Часть 5 (1/2)

— Не ходи на проповедь.

С этими словами Дин кладёт на плечо Макс ладонь, большую и тёплую, однако этот жест вызывает в девушке желание расквасить ему нос, а не послушаться.

Должно быть, она смотрит на него слишком уж убийственным взглядом, поскольку руку он тут же убирает. И предусмотрительно отступает на шаг назад.

— Почему это? — требует Макс. — Почему я должна жертвовать шансом своего отца ради тебя? Мы знакомы всего несколько часов, из которых ты практически всё время ведёшь себя как задница.

Дин отвечает что-то высокомерно-язвительное, но из всего Макс понимает лишь несколько слов, которые не может облечь даже в общий смысл. Ей приходится медленно выдохнуть, чтобы сбавить обороты, и произнести фразу, уже набившую оскомину:

— Можешь, пожалуйста, говорить попроще? И медленнее, — она неловко прячет руки в карманы и сжимает в кулаке трофейный нож, точно это игрушка-антистресс, а не оружие (возвращать которое обратно девушка не планирует во имя собственной безопасности). — У меня паршивый английский.

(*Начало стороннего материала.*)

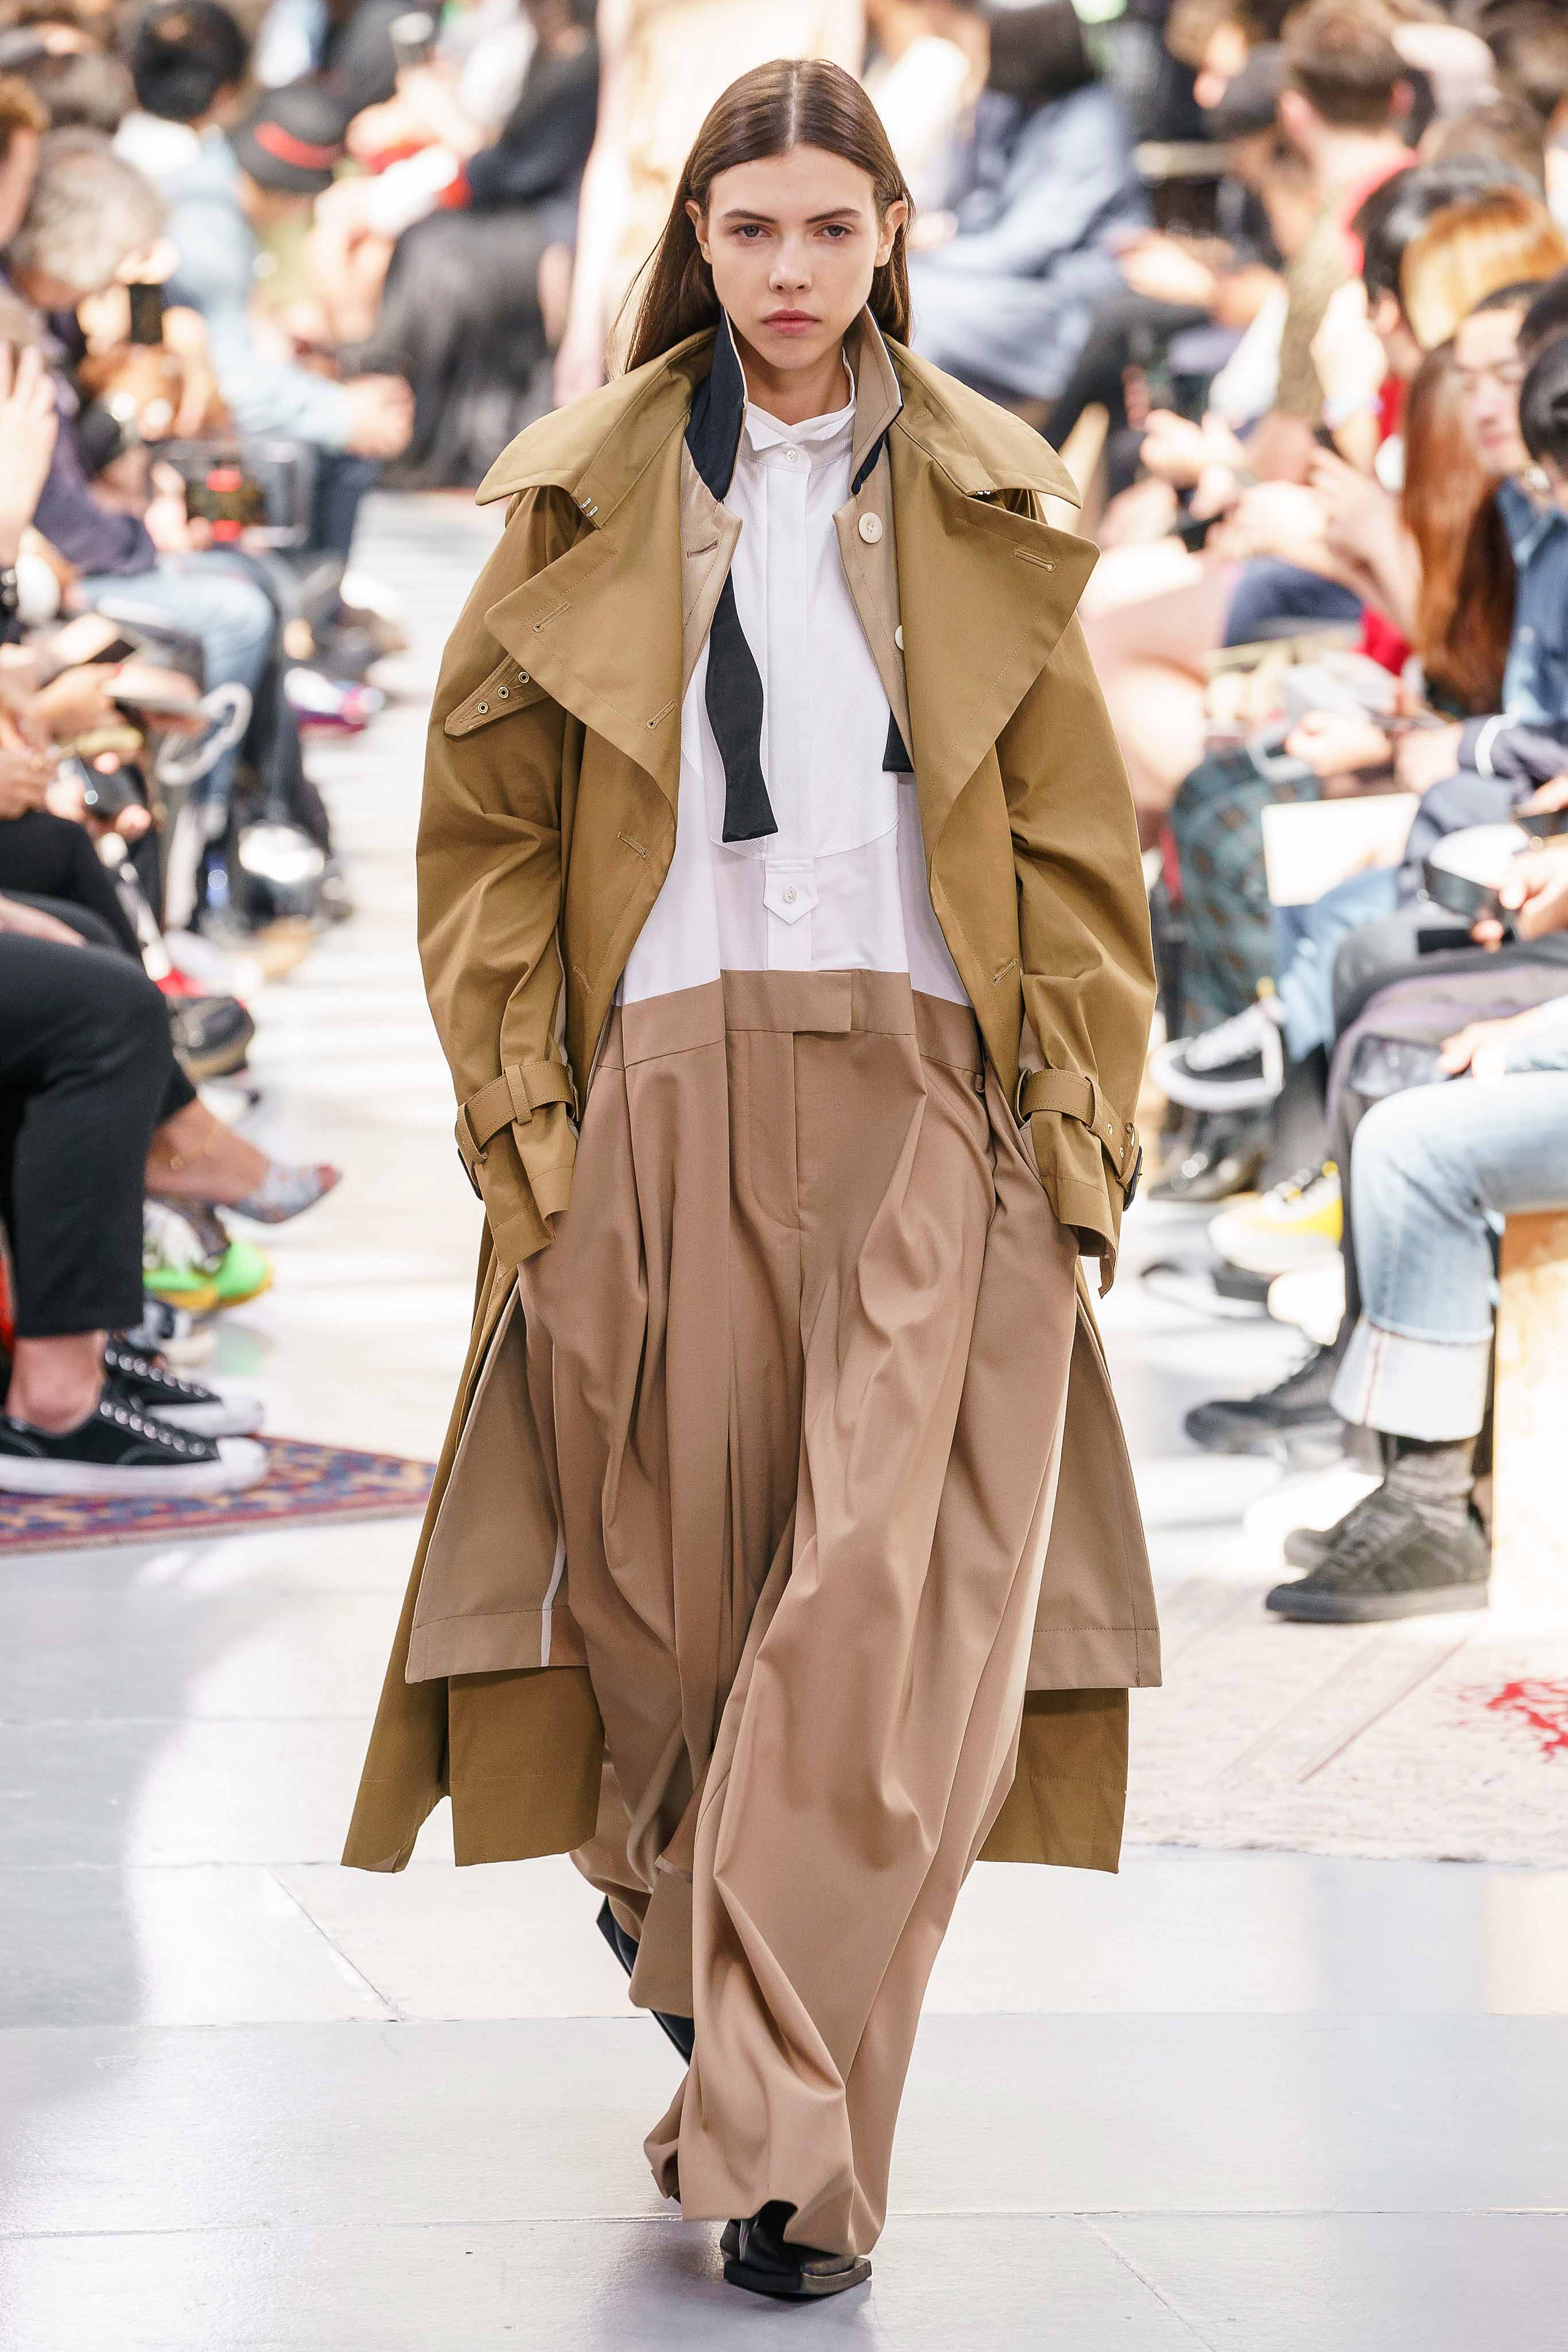 Sacai resort 2020 fashion week trends resort 2020 runway fashion trend report vogue Best trends from the resort 2020 collections

Весь эффект от сопротивления пропадает, и Макс выглядит перед этим несносным парнем школьницей-троечницей, да и он смотрит на неё так же. Девушке не нравится ни этот взгляд, ни вся эта ситуация, однако отвязаться от Дина можно только если расставить все точки над «Ё», а не снова сбежать от разговора.

— Ты знаешь, чем на самом деле занимается преподобный Рой? — спрашивает Дин. Говорит он медленнее, но тон у него нетерпеливый, будто ему тяжело разжевывать прописные истины, особенно когда сам уже во всём разобрался, а ещё он неприятно повышает голос, будто не с иностранкой разговаривает, а с глухой. Макс не жалуется — выбирать не приходится.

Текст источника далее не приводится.